TASK INSTRUCTIONS: Repeat the data that follows verbatim. Images are not part of the copy.

INFORMATION PROVIDED:
__________________________________________________

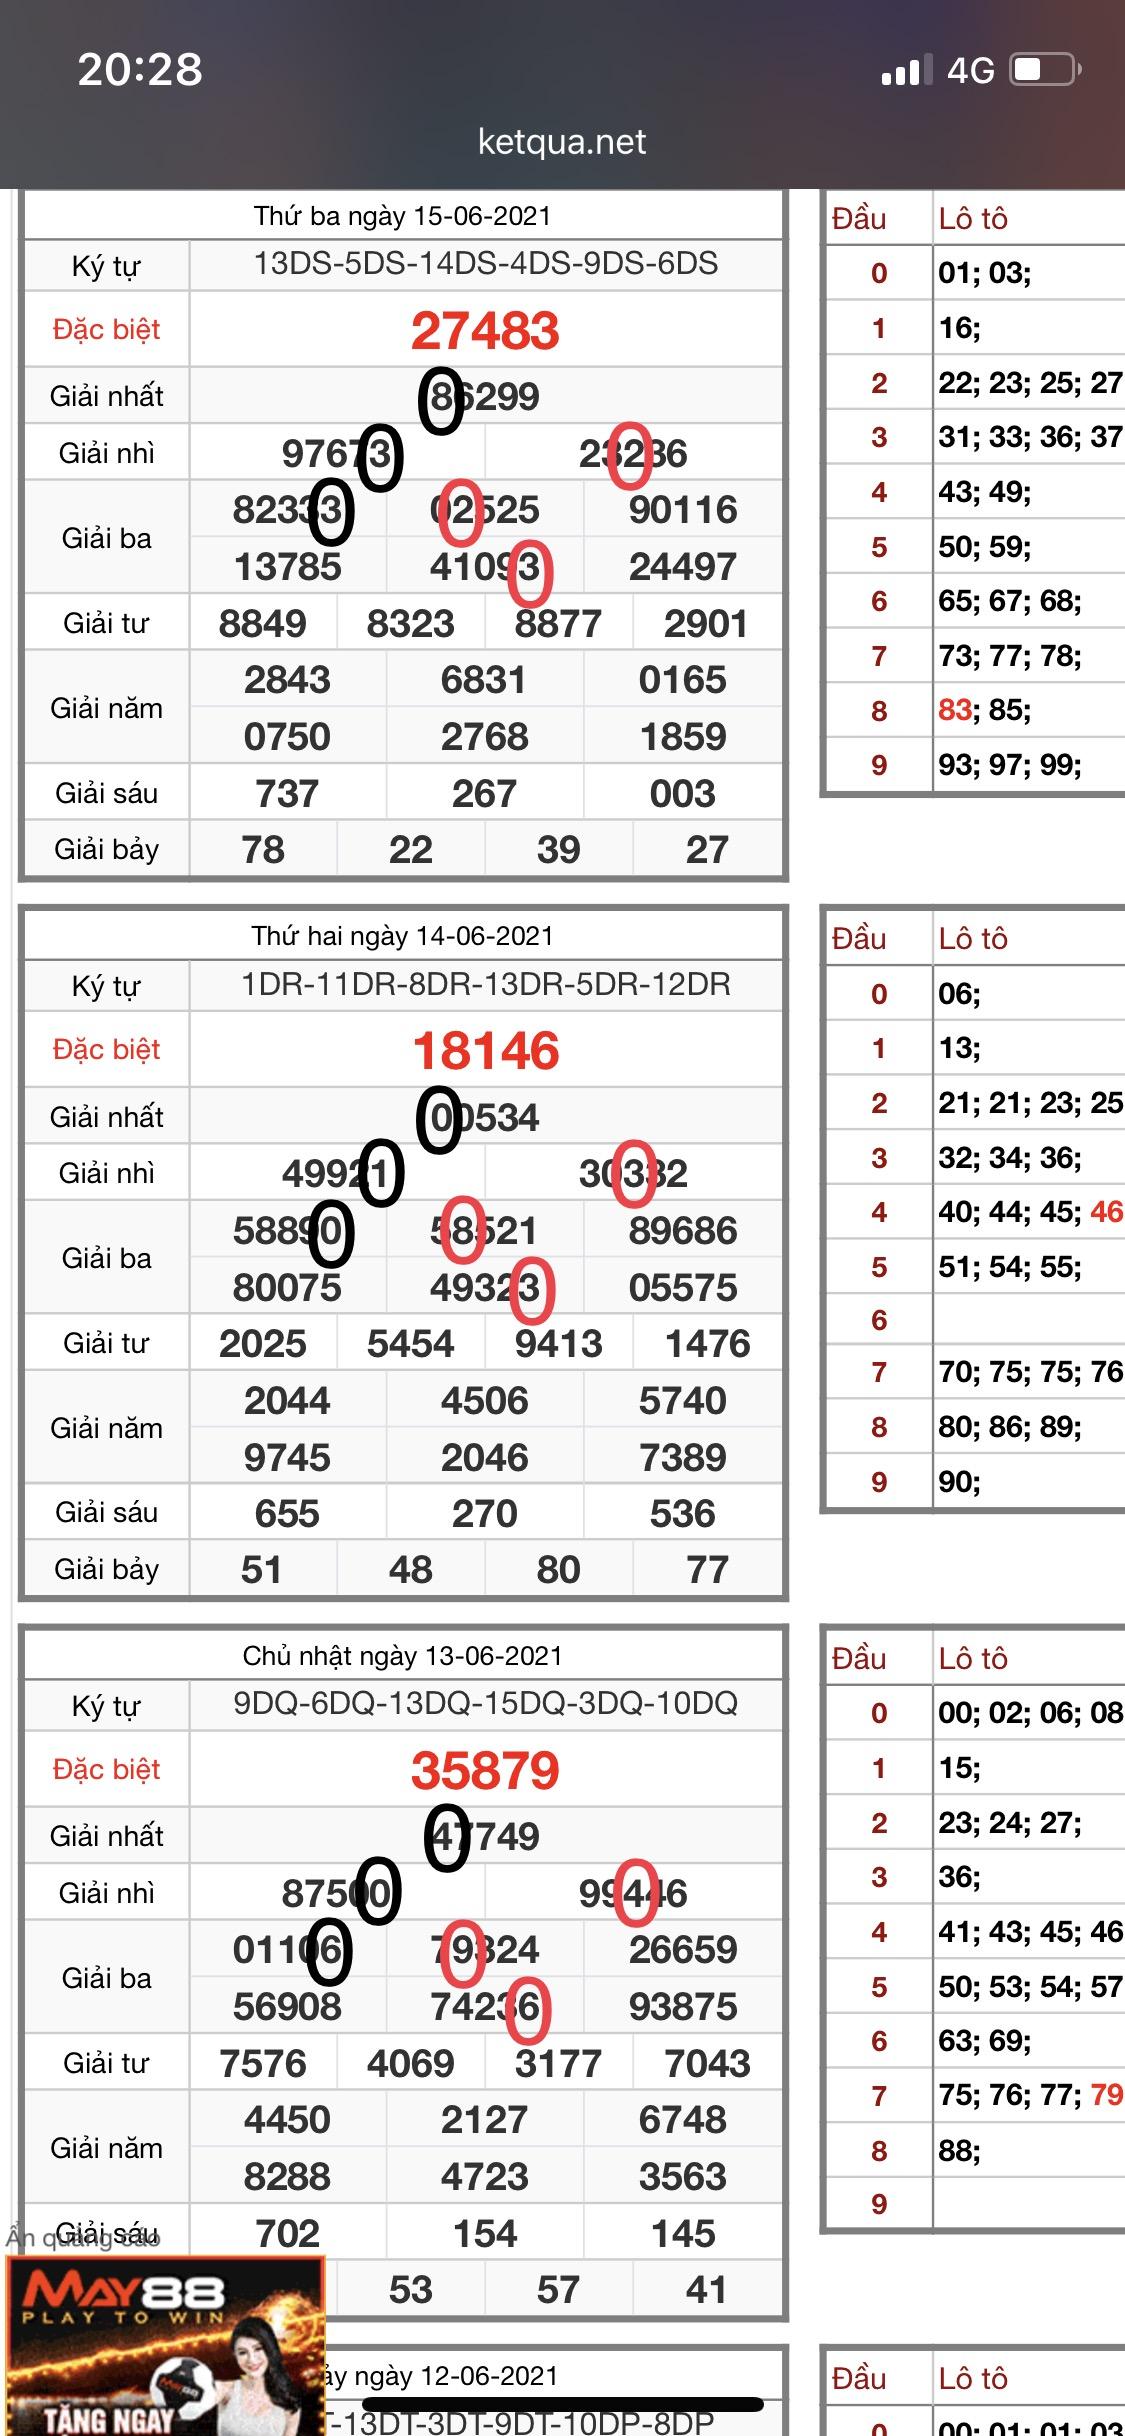 DAD4A565-294D-4DA5-8536-1E3BEF333224.jpeg
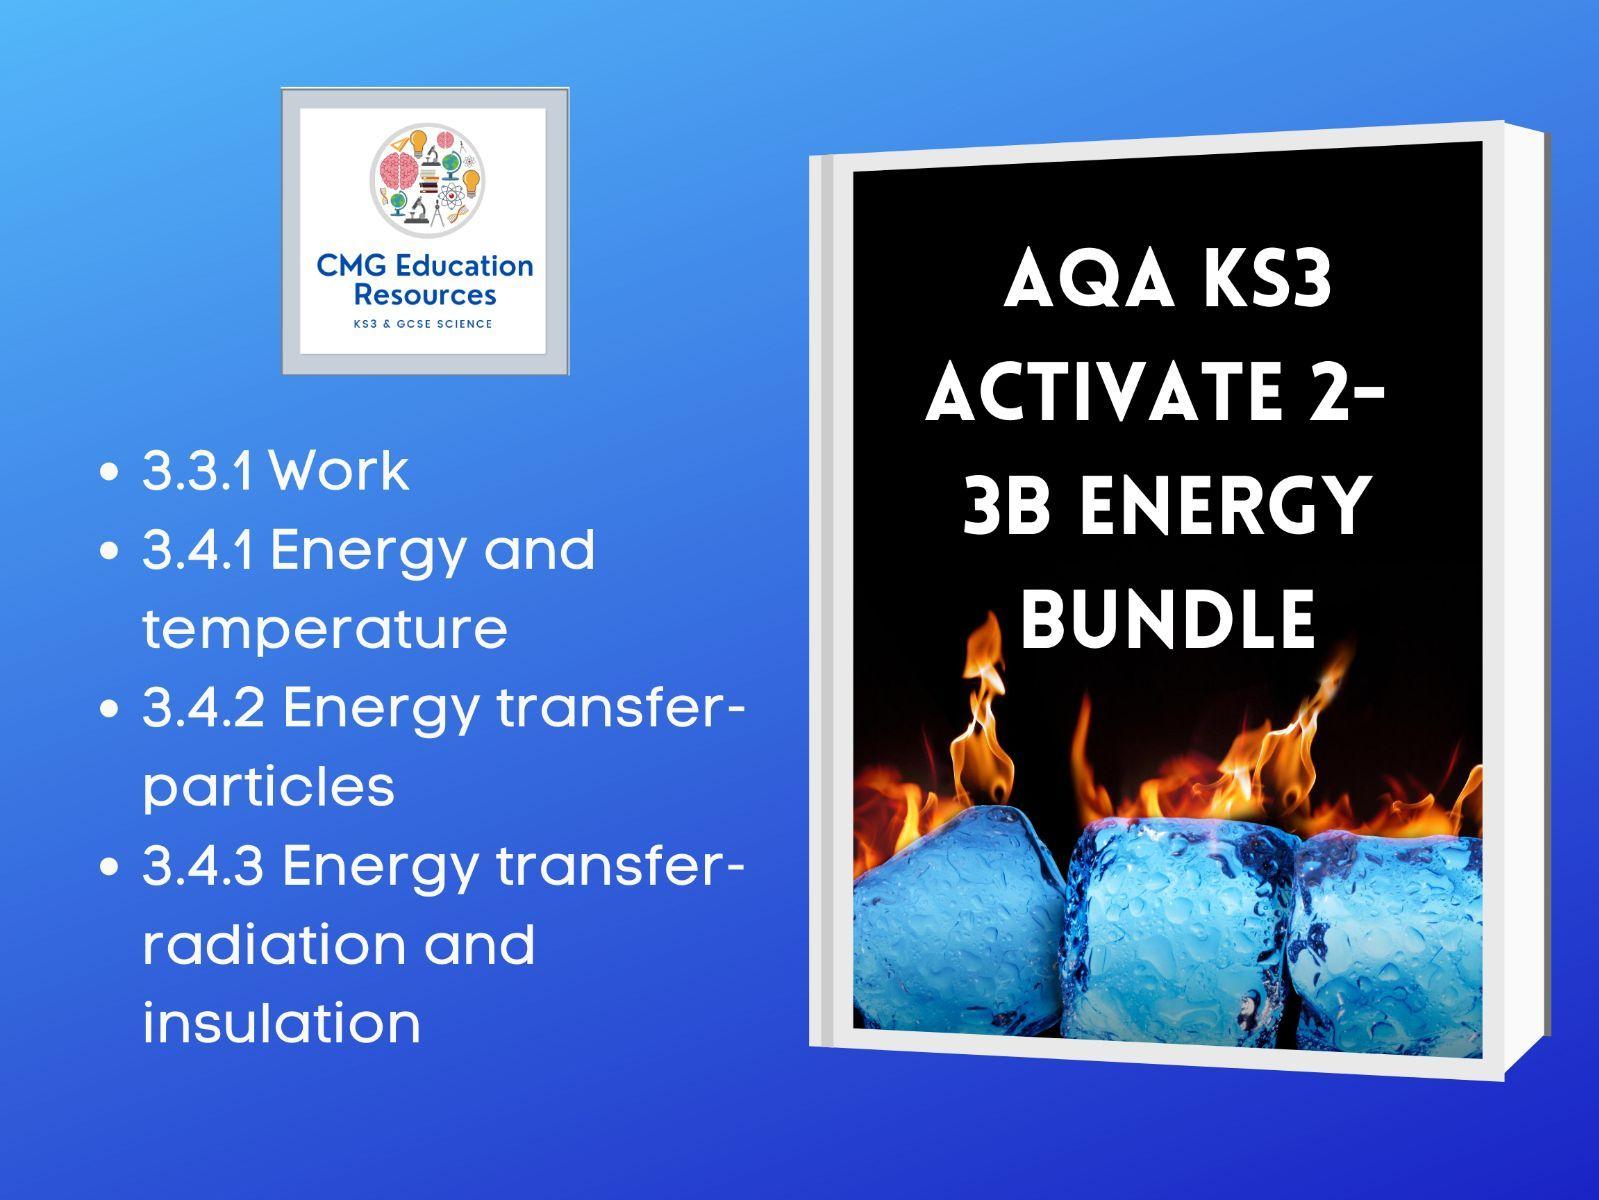 KS3 AQA Activate 2- 3b Energy bundle
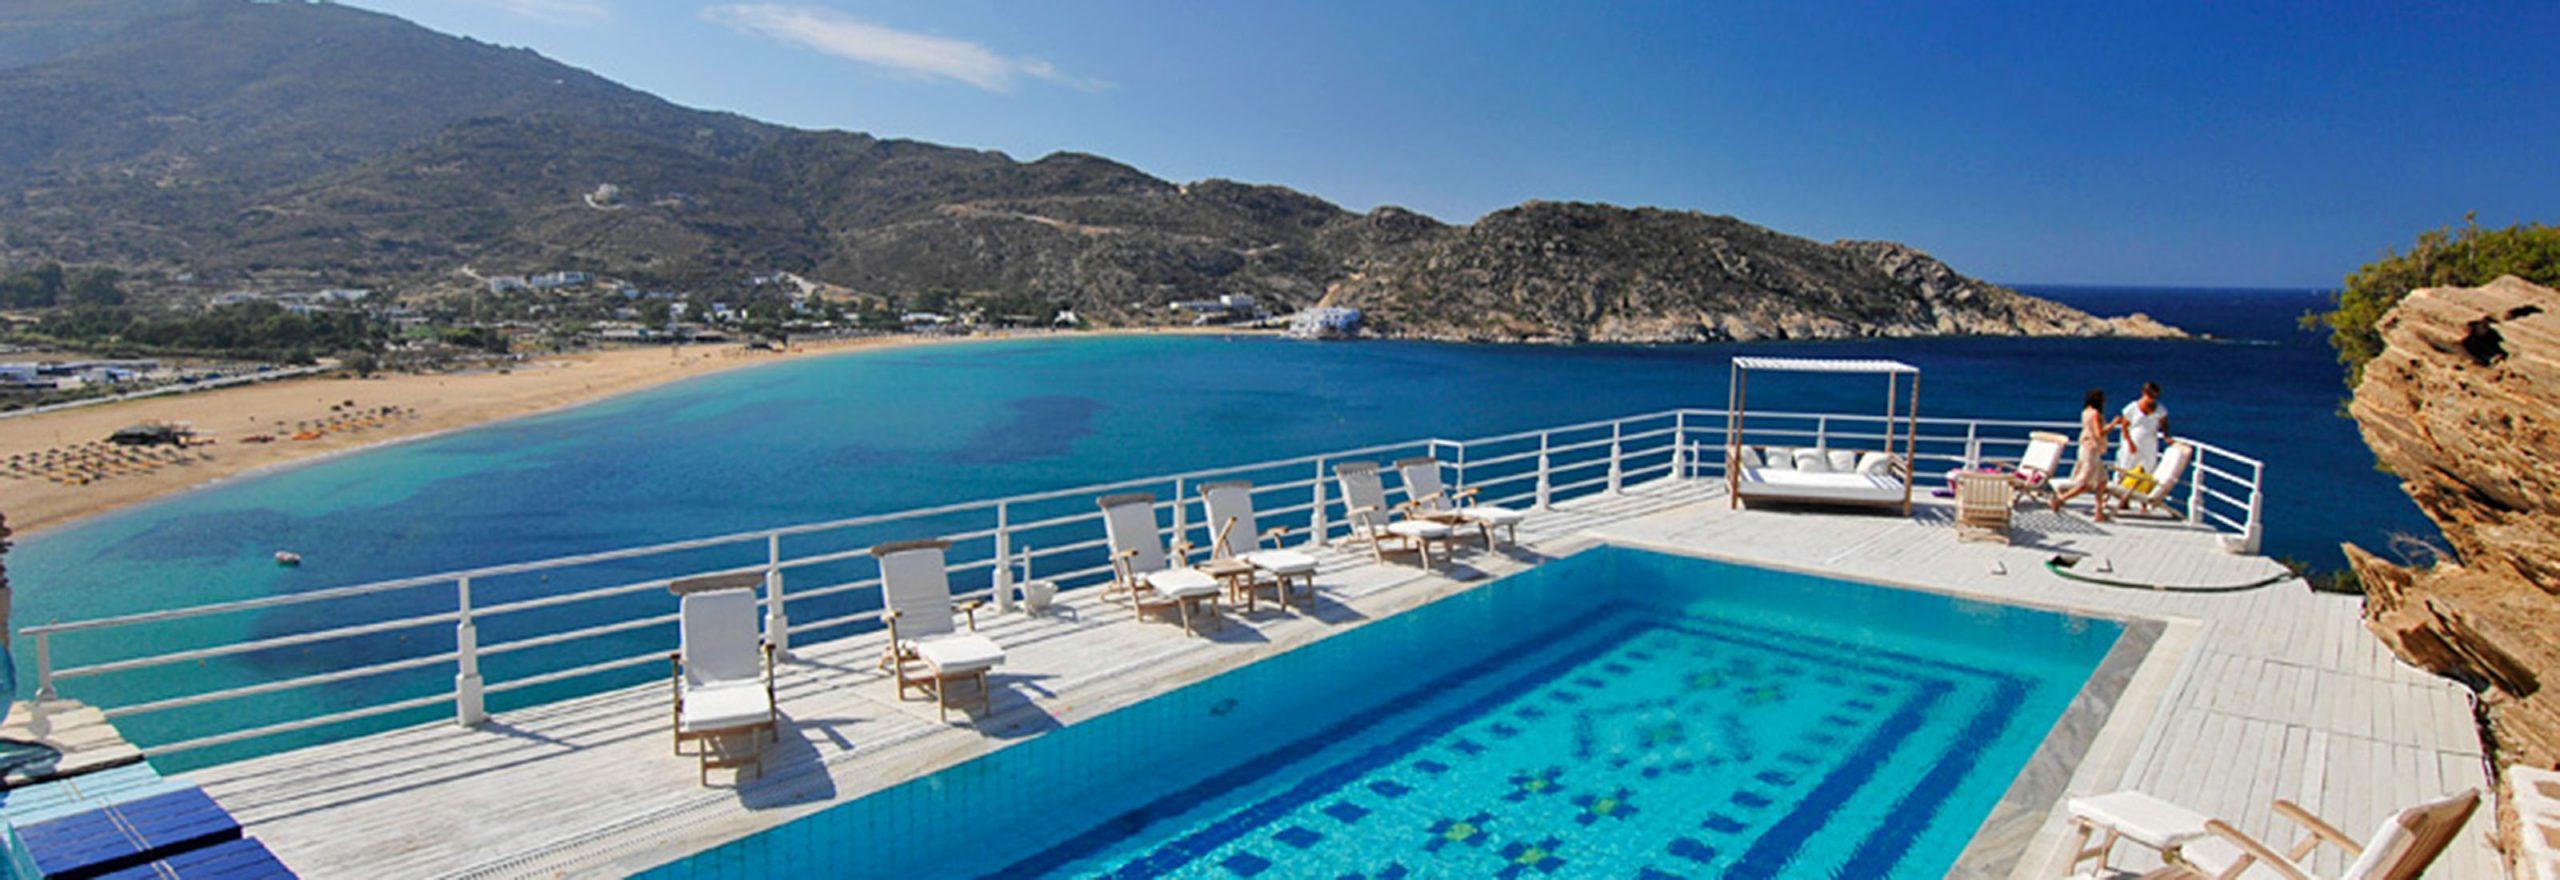 Hotel Ios Palace, Mylopotas, Ios

__________________________________________________

RESPONSE AREA:
 DAD4A565-294D-4DA5-8536-1E3BEF333224.jpeg
 KS3 AQA Activate 2- 3b Energy bundle
 Hotel Ios Palace, Mylopotas, Ios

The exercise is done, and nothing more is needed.